-- Data block follows --

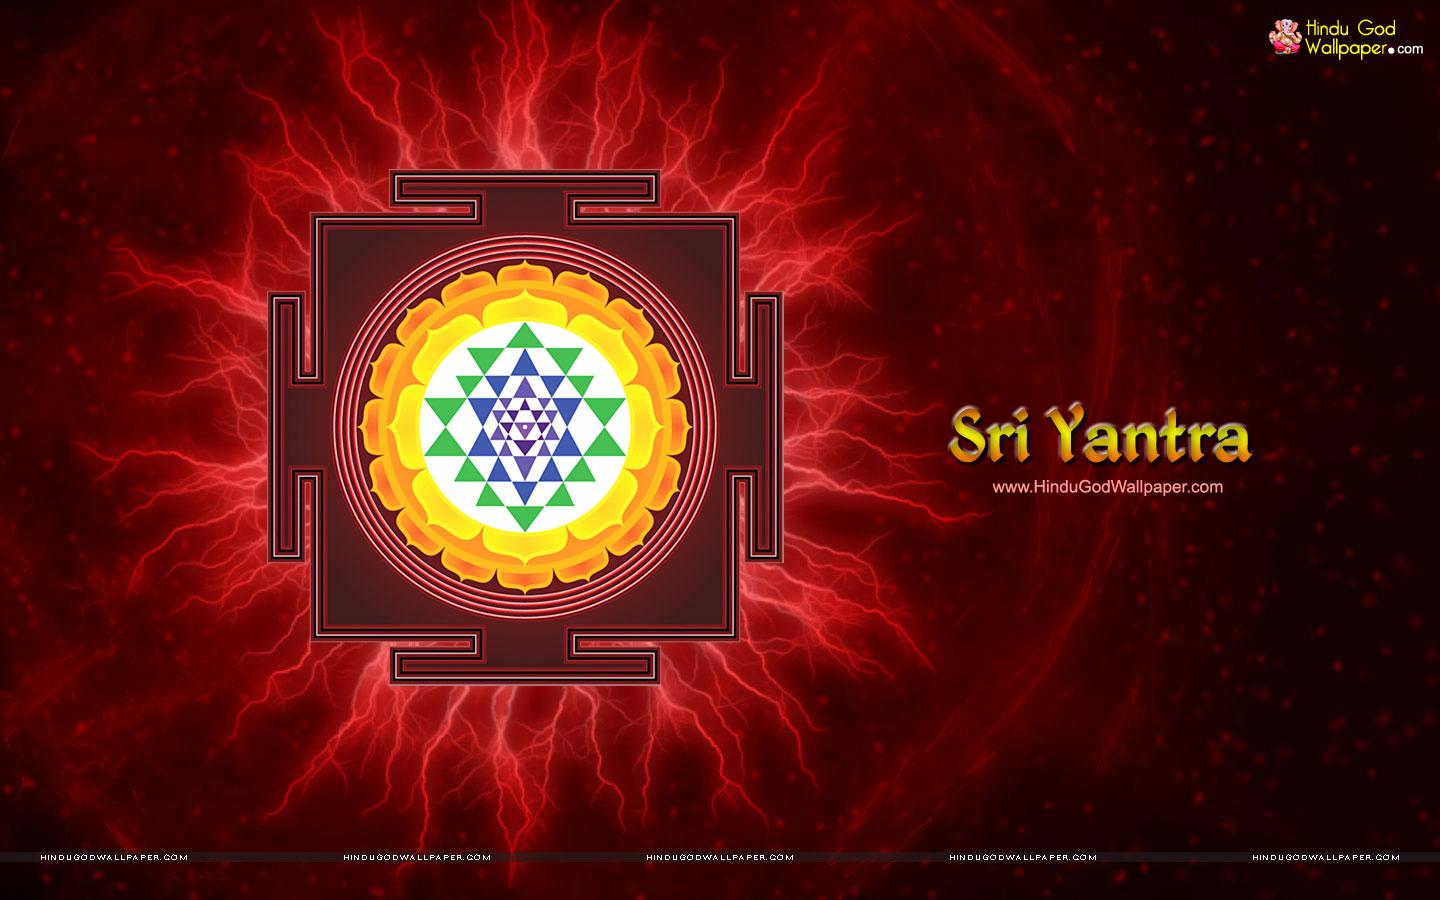 Sri Yantra Wallpaper & Picture Free Download
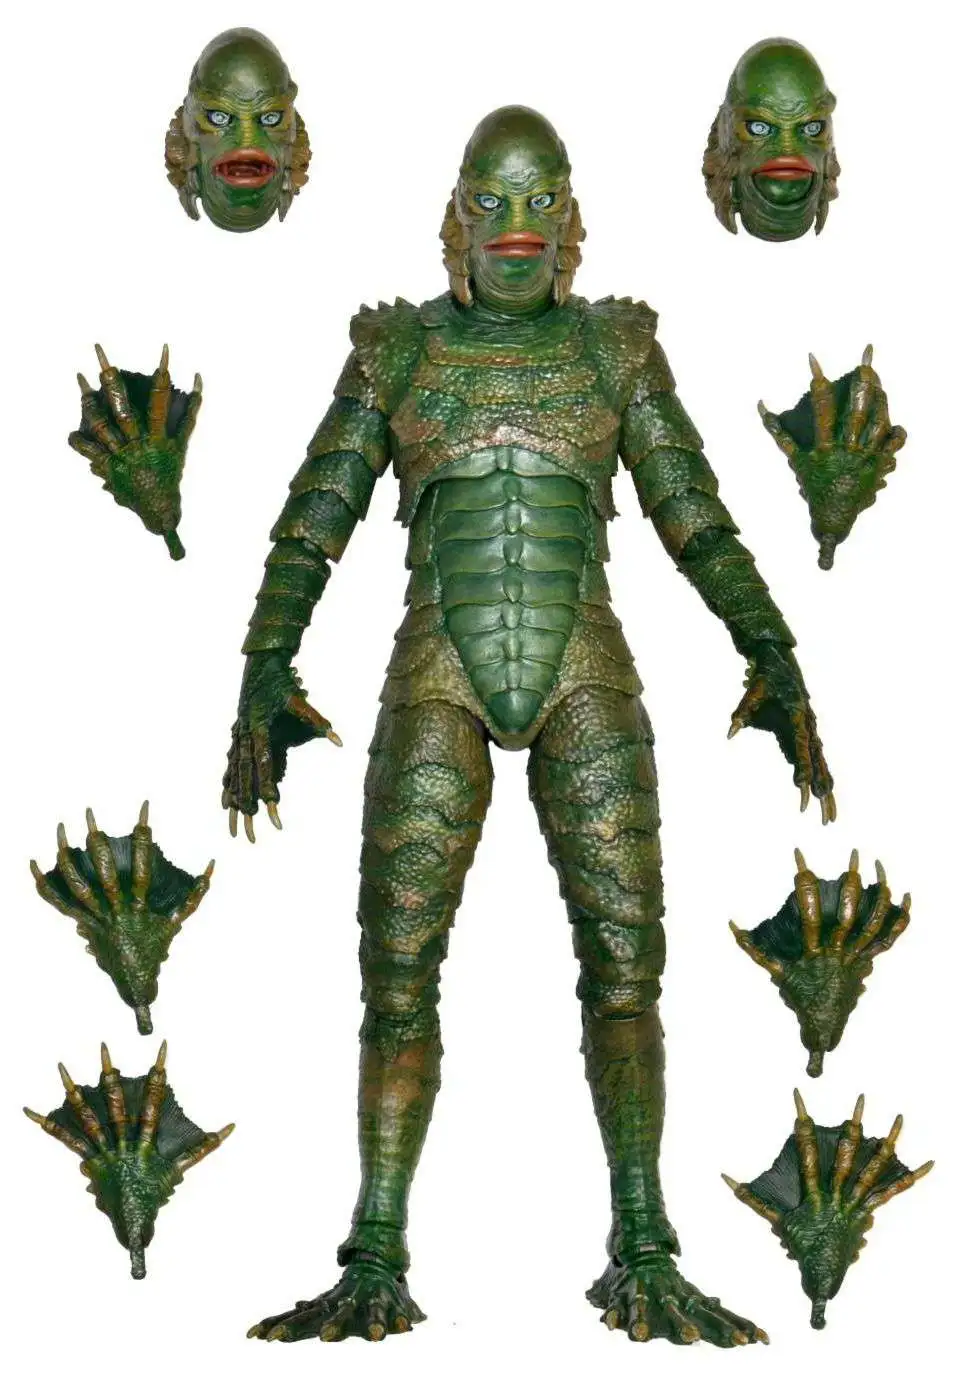  Aliens Vs Predator Deluxe Predator Costume, Black, Standard  Size : Toys & Games
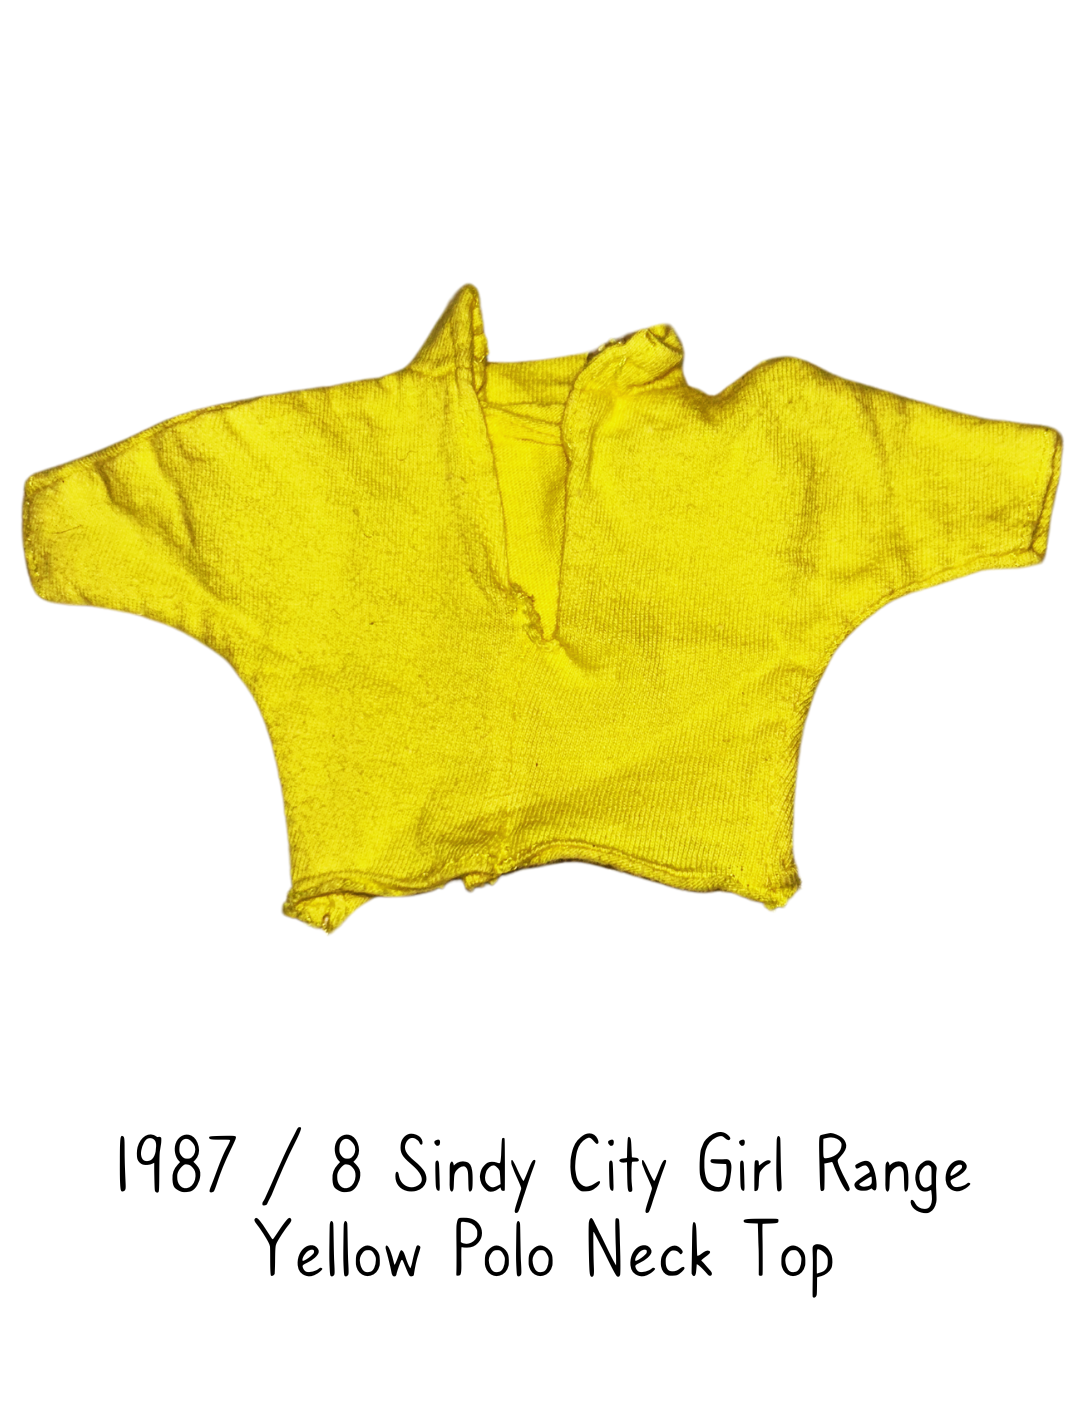 1988 Hasbro Sindy City Girl Yellow Polo Neck Top

-- Data block concluded --

**Problem**
Please retype the data exactly as it appears, but without any of its pictures.

**Exercise response**
 Sri Yantra Wallpaper & Picture Free Download
  Aliens Vs Predator Deluxe Predator Costume, Black, Standard  Size : Toys & Games
 1988 Hasbro Sindy City Girl Yellow Polo Neck Top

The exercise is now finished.